The 40-year-old makes his long-awaited return to the 2012 title race in this weekend's Sandown 500 on the outskirts of Melbourne. Murphy cannot wait to strap himself into the Kelly Racing Holden.
An opening-round accident in the Clipsal 500 in Adelaide in March caused two injury layoffs and surgery - the latest spanning four rounds after a procedure to fuse vertebrae together.
Murphy, who returned to testing in Sydney last month, has been cleared to retake the wheel from 1997 Formula One champion Jacques Villeneuve.
"It's good to be back in the championship again; it's been very strange sitting back for the last three months not being a part of it," he said.
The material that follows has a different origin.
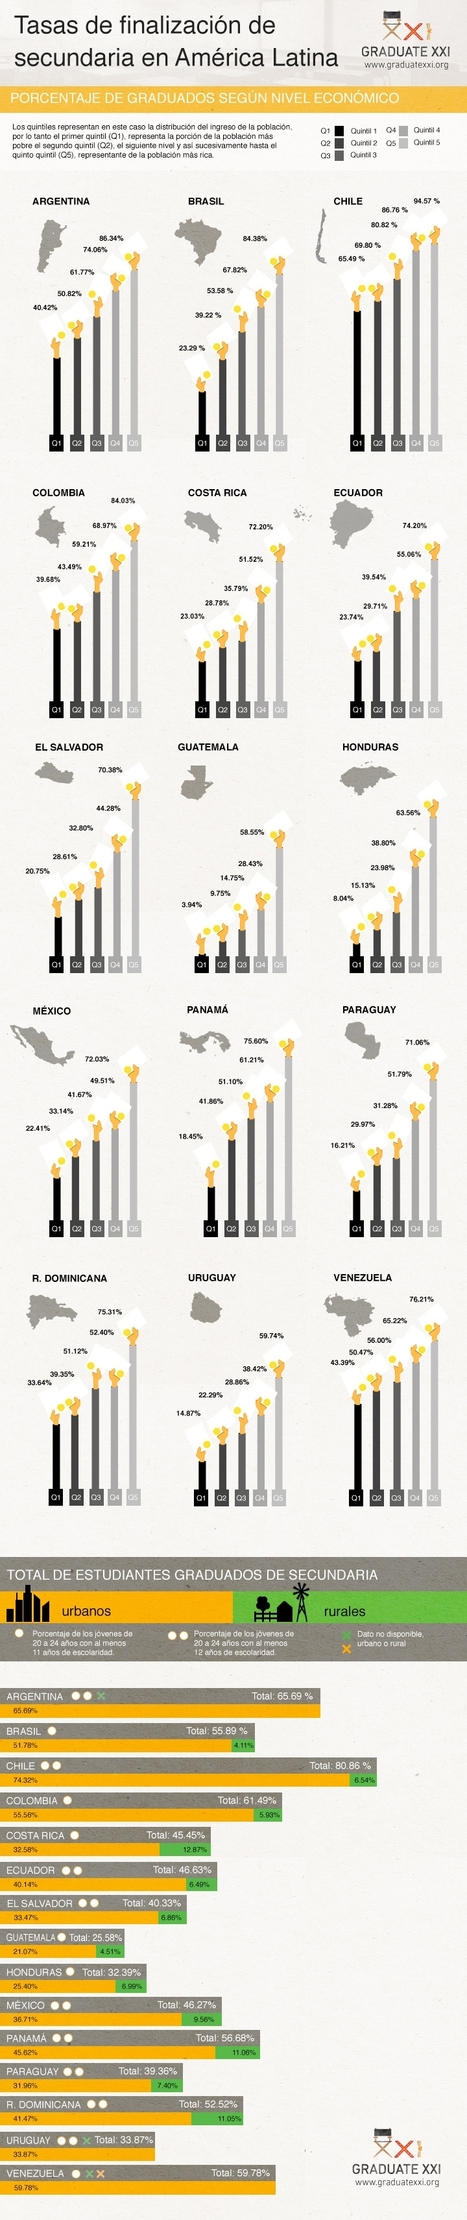 Las brechas de educación entre los países de América Latina | Las TIC y la Educación | Scoop.it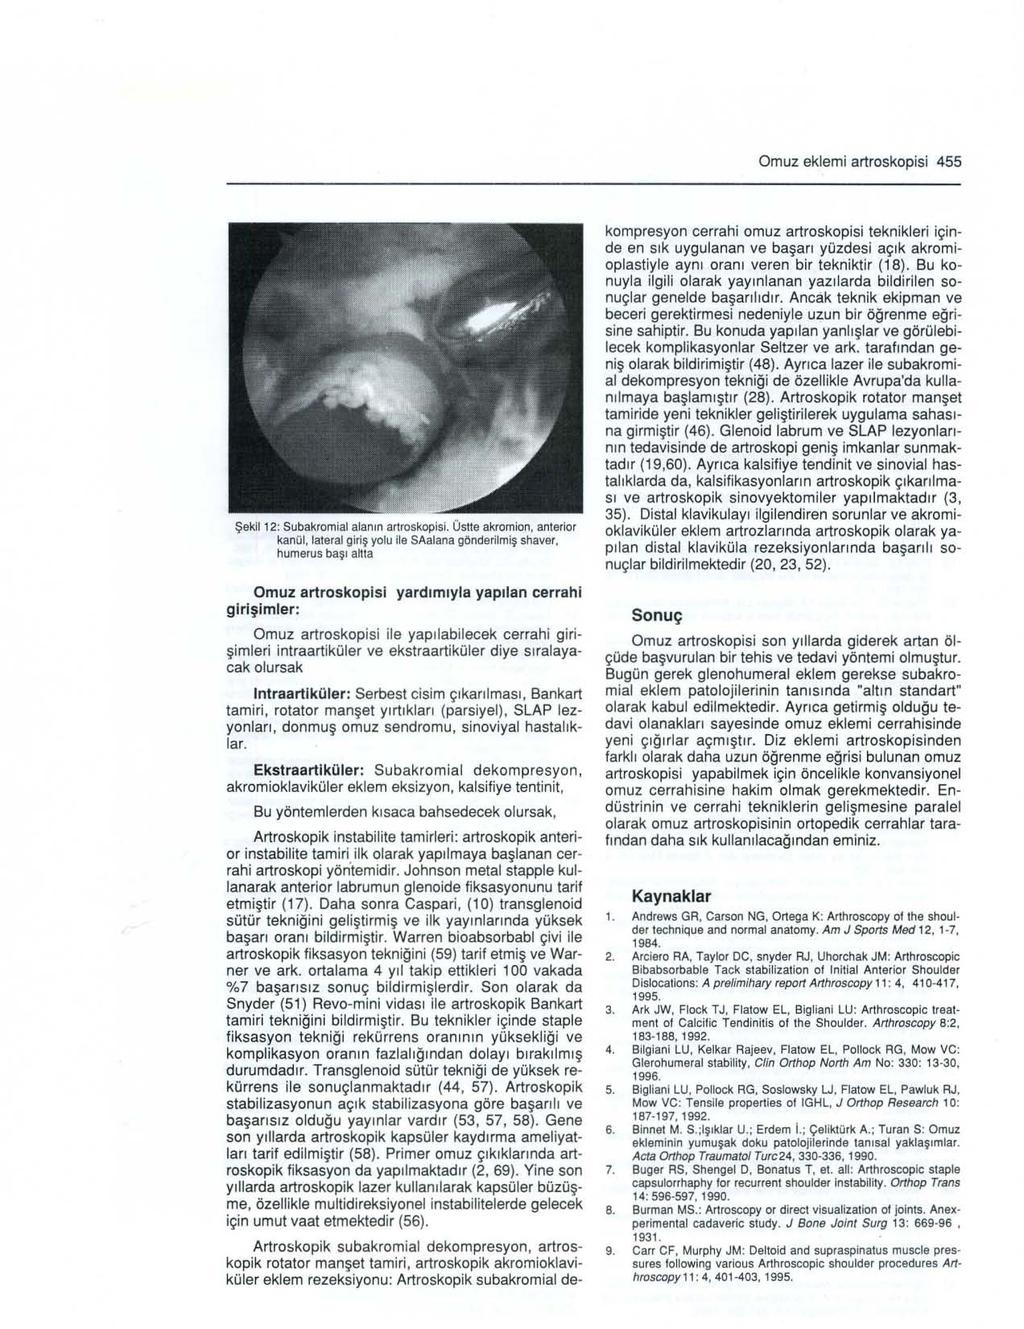 Omuz eklemi artroskopisi 455 Şekil 12: Subakromial alanın artroskopisi.

Murphy has had an affinity with the calendar's long-distance events. He won at Sandown in 1996-97 and is a four-time winner of the Bathurst 1000, scheduled for October 4 to 7.
He missed a couple of rounds after his high-speed crash during training at the Clipsal.
He then needed further remedial work after experiencing more discomfort during the Philip Island 300 in May.
Although his Holden proved difficult to handle when he was able to drive, Murphy hoped the enduro races would present a more level playing field when he teamed up with Owen Kelly.
"When you're not having the best sort of year in the regular races, you can bring some form to the enduros," he said. "It takes a bit more thinking, there's more strategies involved, it's not just down to the team that's got the biggest bucks and the fastest car. You can put yourself in there and give yourself a chance, more so than the other races."
Murphy proved that point last year when he finished third at Bathurst, the highlight of an otherwise challenging year.